I could hear my friend laughing down the phone at me, are you surviving? She’s my rock, the one that helps me if I fall a little. It’s like the support network in an AA group. Oh dear, this is not an addiction, but a trial, a program, a test.

When I’ve discussed my situation with my friends they look at me with an odd expression. First impressed, then confused. But why do you want to do that to yourself? I can see it laced in their eyes. To take something away that is so great, what is the point?

Some times I don’t know what the point is.
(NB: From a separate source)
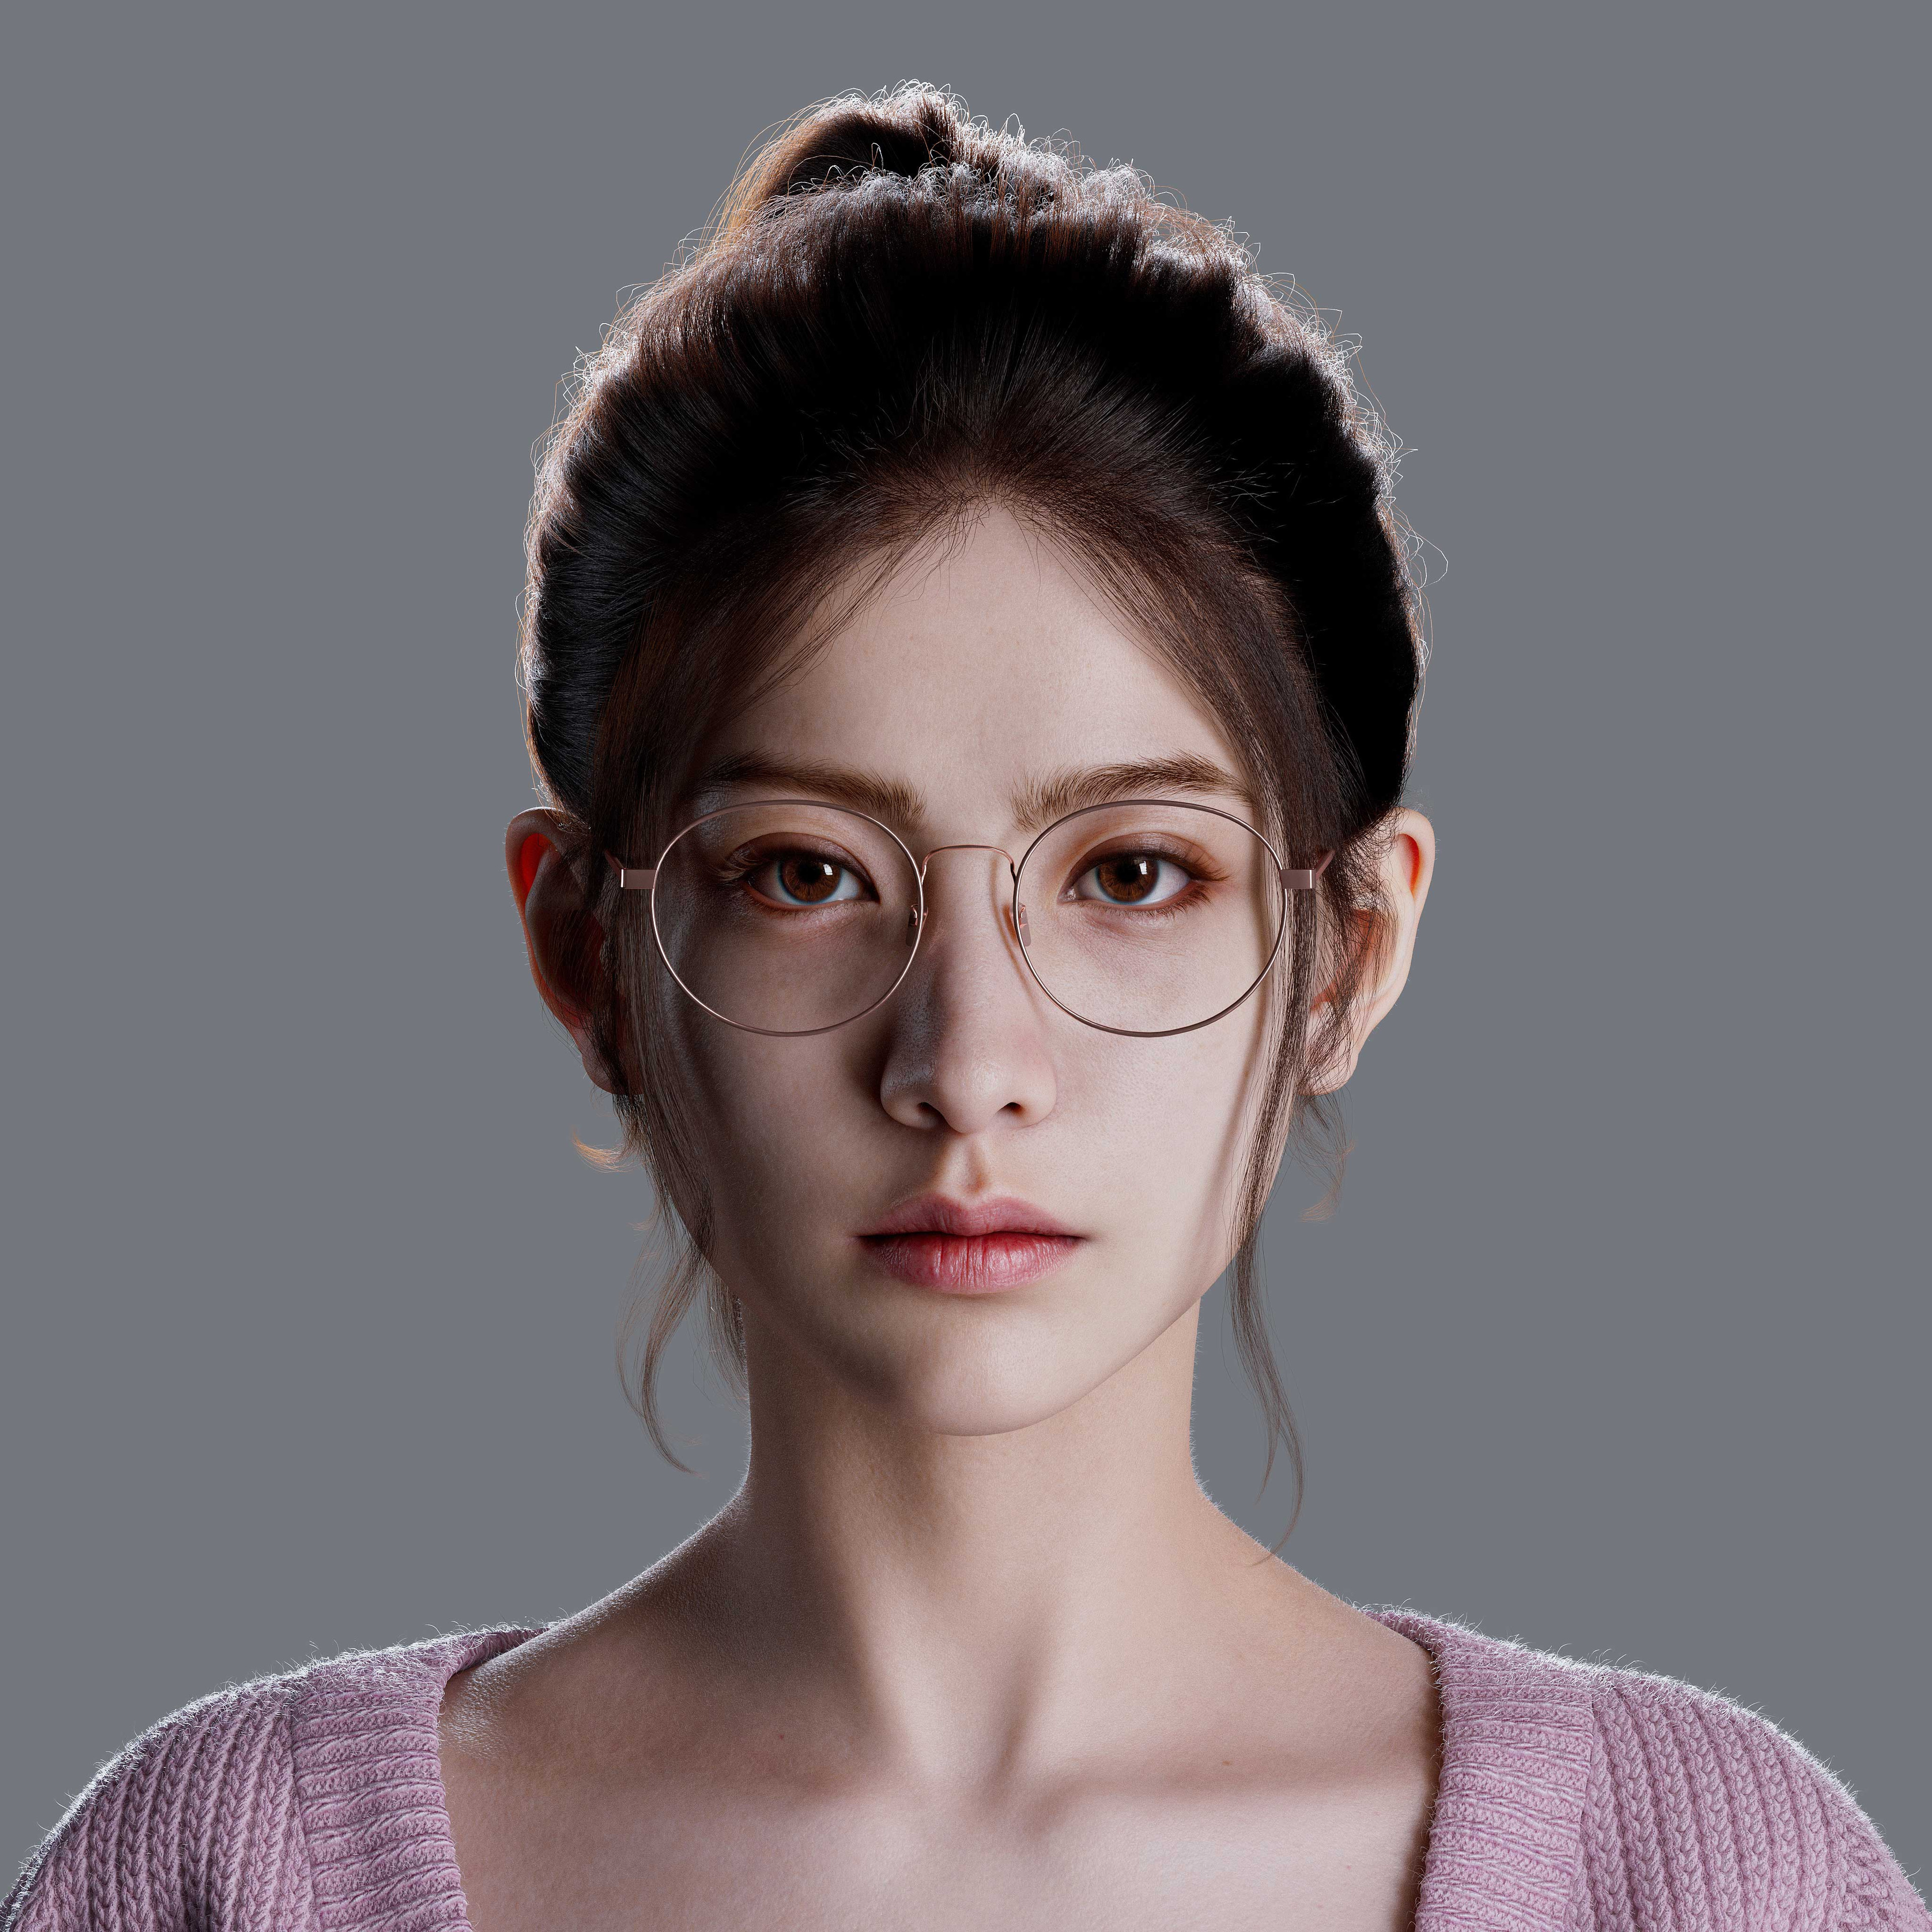 Forever Artist CGi Women Asian Portrait Glasses 3840x3840

I have started to look at men differently. With more interest, not interest in their bodies, looks etc, but their minds. What do you think they are thinking when they see me? Before I would just think they wanted to jump my bones, now, I see beyond that, into something much deeper, more complex. Of course I have the intelligence to see beyond men’s sexual appetite, but now I’m more interested in their darkness.

There is something that they carry which women do not have, something truly secretive. I am generalising far too much in this one, but I think it is a valid point.

Do they pity me, like my friends who try to look encouraging? Maybe that is it. Maybe. They pity for me because I am a woman and women suffer, for my suffering I will weep. So they pity.

I have been accepted by my boyfriend after finally he has been tempting me for days. So now I have the others to contend with. A particular older man who I sat next to at a dinner party was one story. He warmed to me, sweetly, and the conversation was brilliant, I laughed, he laughed, I laughed again and as he went for the next laugh he slung his head on my shoulder like a schoolgirl. I laughed forward, not wanting to draw attention to this advance, but shoving him off effectively. He handed me the coffee and held my hand while I poured, I looked up at him as the party went on around us. Let’s get out of here, he said with an odd smile, I could see from the state of his teeth that he was about the same age as my father. Let’s make a run for it, my place. And then he lunged for my ear, nibbling away like a hungry kitten. I felt nauseous, maybe from the wine, but now accelerated by this geriatric trying to remove my lobe.

I had to get out, I downed the coffee and swiftly exited. The rain was pouring, again, and I could hear him calling my name down the street. The rain was soaking my face, clearing the feeling that kept washing back up from my body to my thoughts, come back, come back.